# Adjusting helmet straps are such a pain in the a$$!



## ProjectDan35 (Jul 19, 2010)

Just bought a new helmet ( Giro Indicator ), and have been screwing around with these straps for the past hour or more. I can't get them comfortable or tight at all! What the heck! The instruction booklet doesn't teach you crap. I need an instructional video, but there isn't one.

This annoy anyone else?


----------



## kapusta (Jan 17, 2004)

ProjectDan35 said:


> Just bought a new helmet ( Giro Indicator ), and have been screwing around with these straps for the past hour or more. I can't get them comfortable or tight at all! What the heck! The instruction booklet doesn't teach you crap. I need an instructional video, but there isn't one.
> 
> This annoy anyone else?


I find it takes a lot of dickering around to get them right.
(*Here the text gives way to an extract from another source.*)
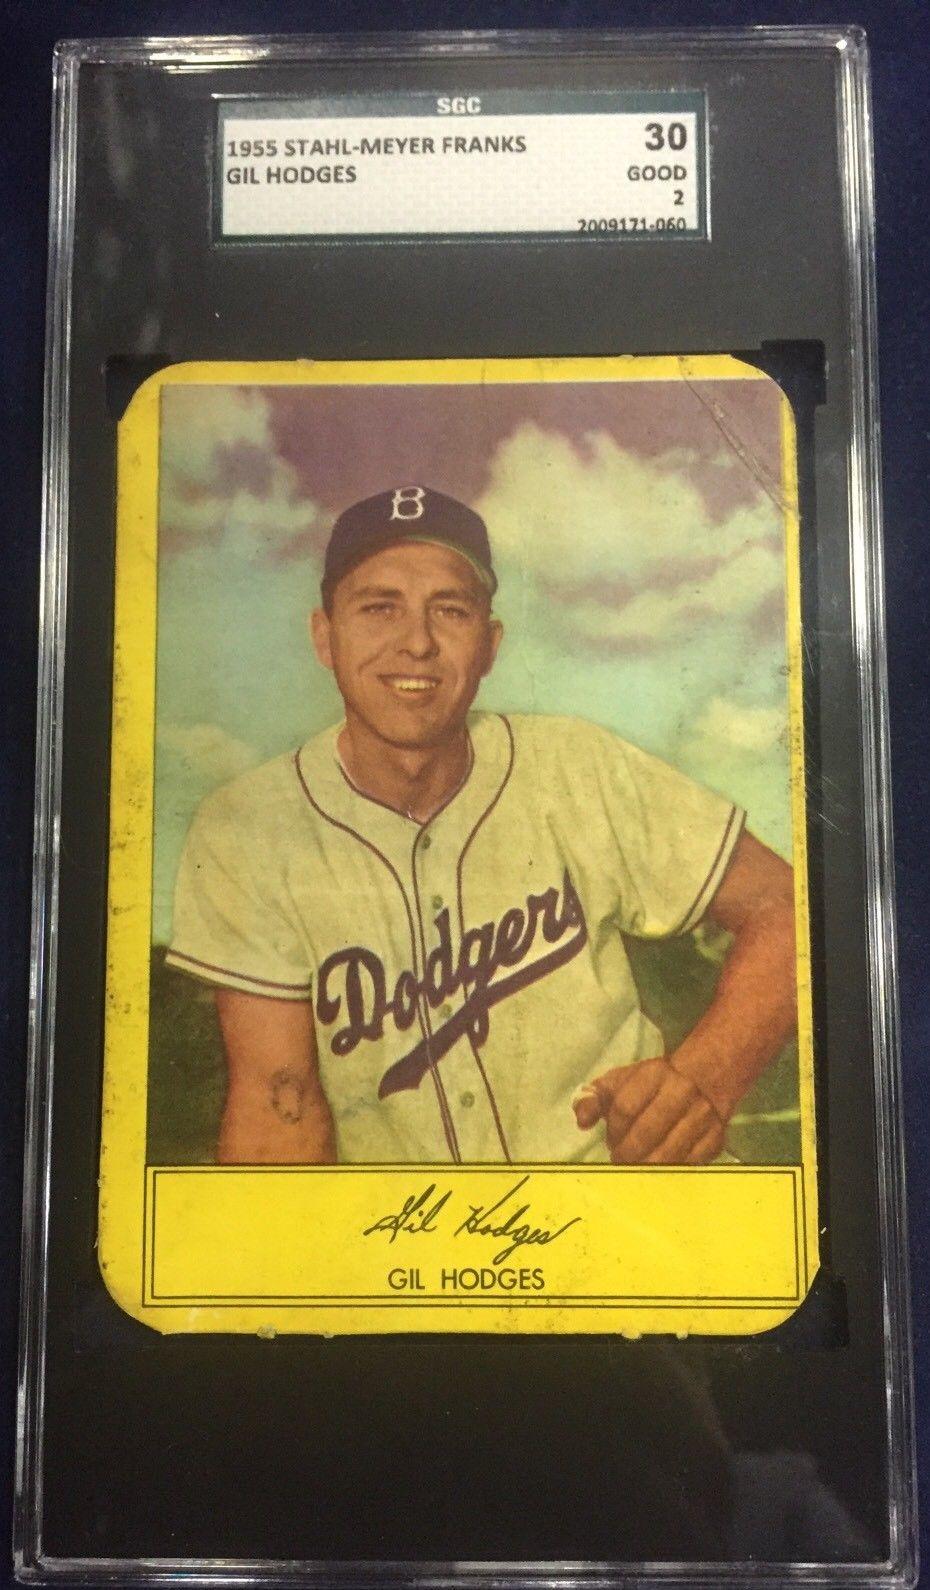 1955 Stahl-Meyer Franks Gil Hodges, Brooklyn Dodgers WS Card Sgc 2 Graded

It may help to look how your last helmet is set up, but if the straps anchor in a different location, it might not help much.


----------



## b-kul (Sep 20, 2009)

looks similar to my helmet. first i adjust the back dial until it fits snug, then i adjust the length of the chin strap, last i adjust the things to make it fit around my ears right. then tweak from there.


----------



## Clones123 (Apr 29, 2010)

What's tough is when the strap is attached in front, loops down through a buckle, back up through a holder at the rear and then down to the other buckle where it mates with the strap from the other front side. That's a lot of jockeying for one strap to get it all set right.
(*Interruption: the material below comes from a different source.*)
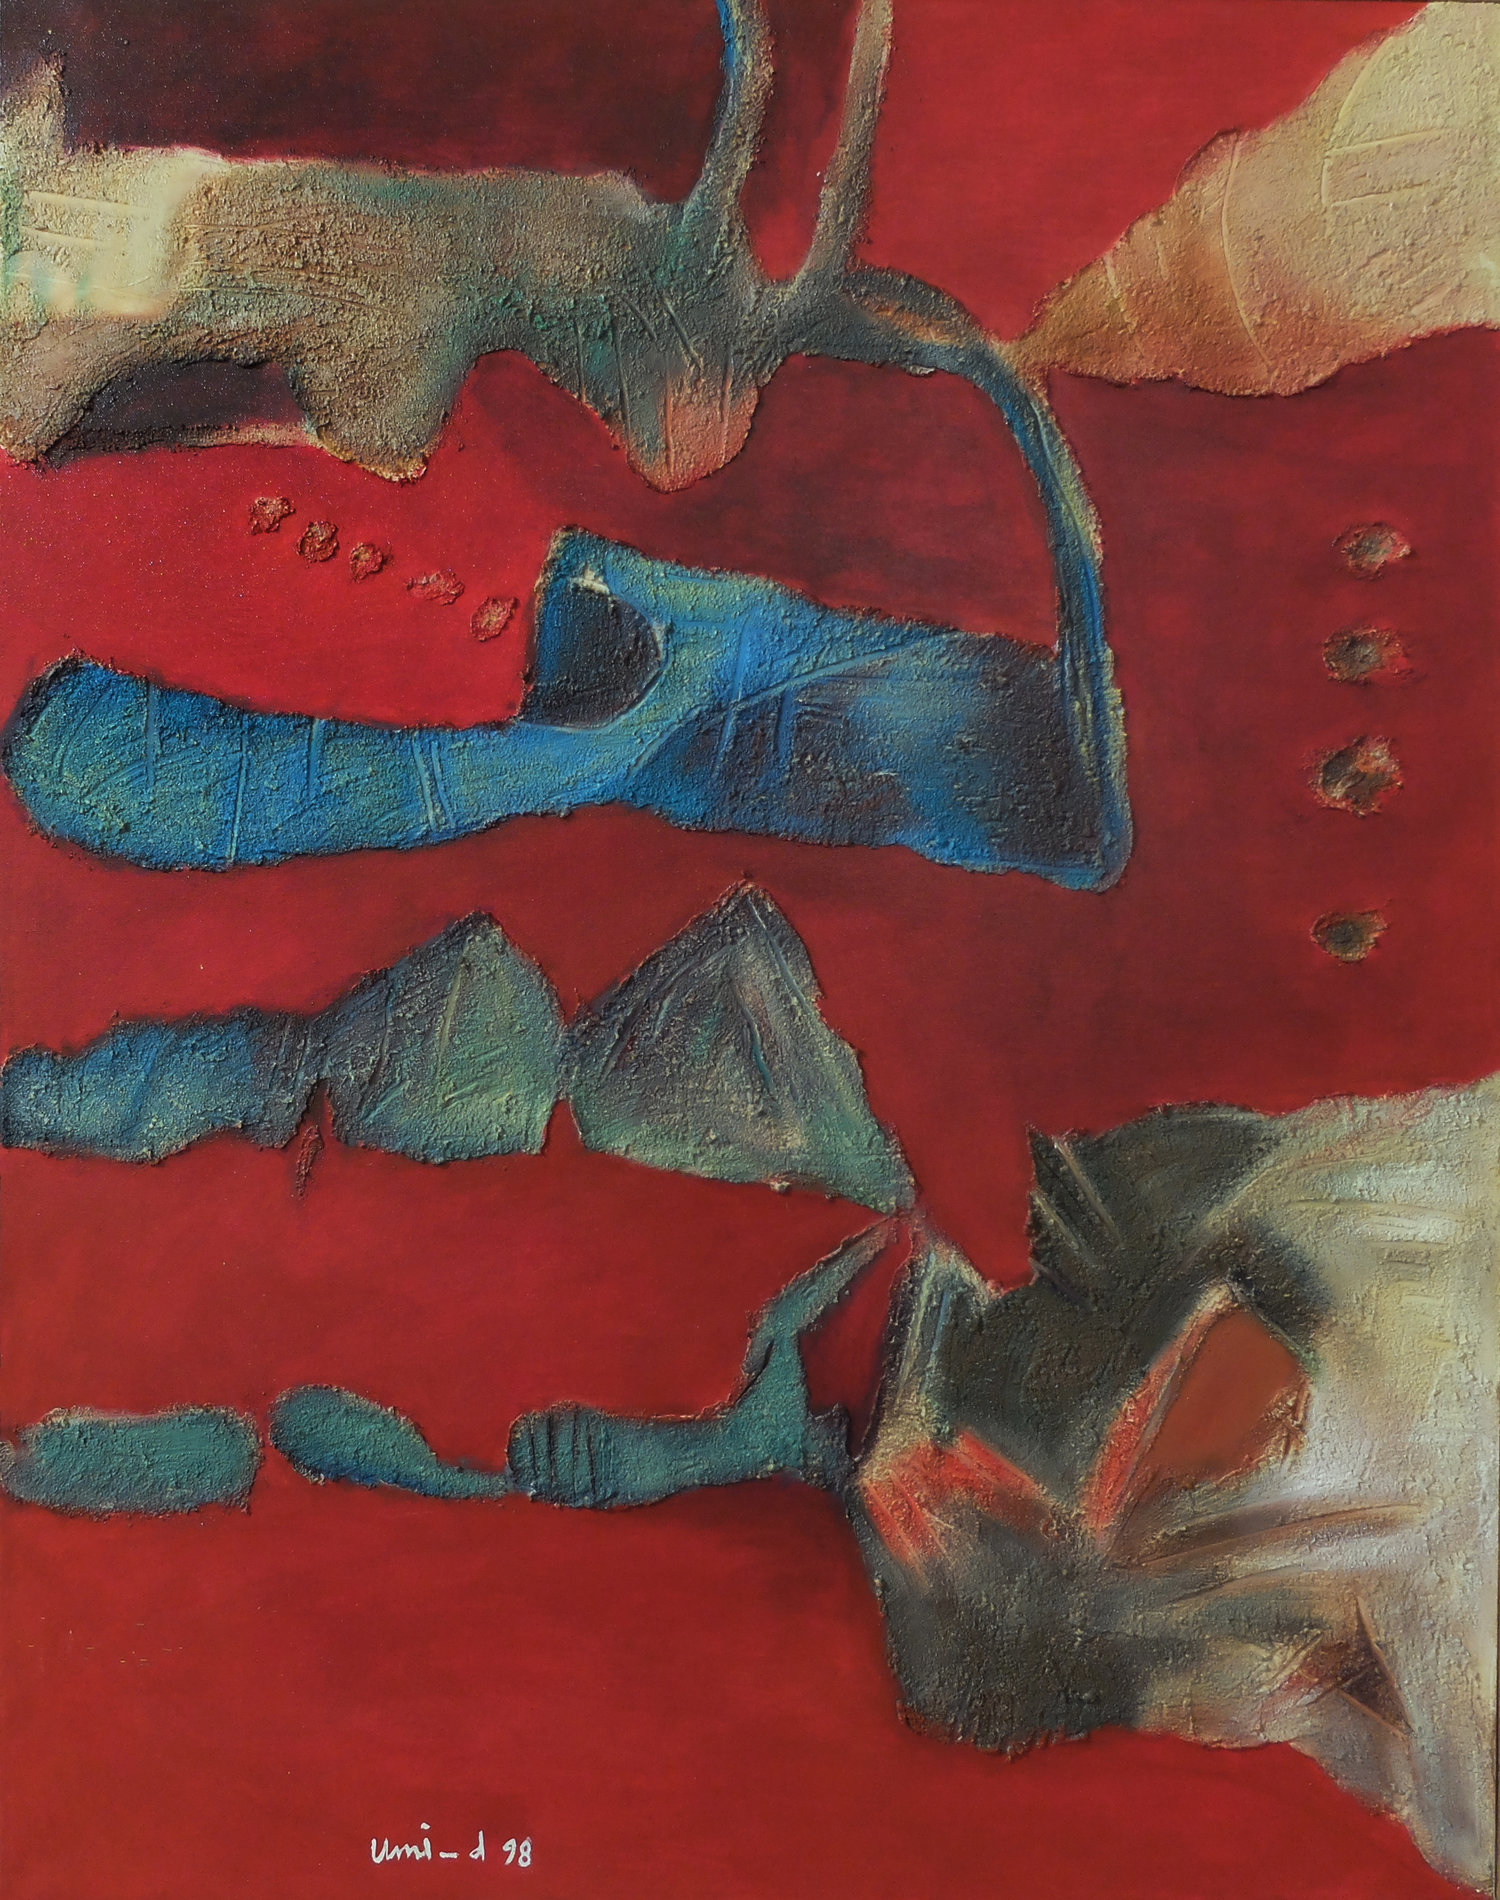 Umi Dachlan, Matador, oil on canvas, 95 x 75 cm, 1998

Just one of the many things I like so much about the *Giro Xen* helmet is that the straps are fixed directly into the helmet at four separate points. Super easy then to set each buckle into the ideal position.


----------



## Stokestack (Jan 6, 2013)

I have a Giro ski/snowboard helmet and the strap design is totally defective. The strap can't be lengthened, and the pad that's supposed to go under your chin is permanently sewn to the strap up by your ear. Therefore you can't slide the pad along the strap to center it under your chin.

Baffling.


----------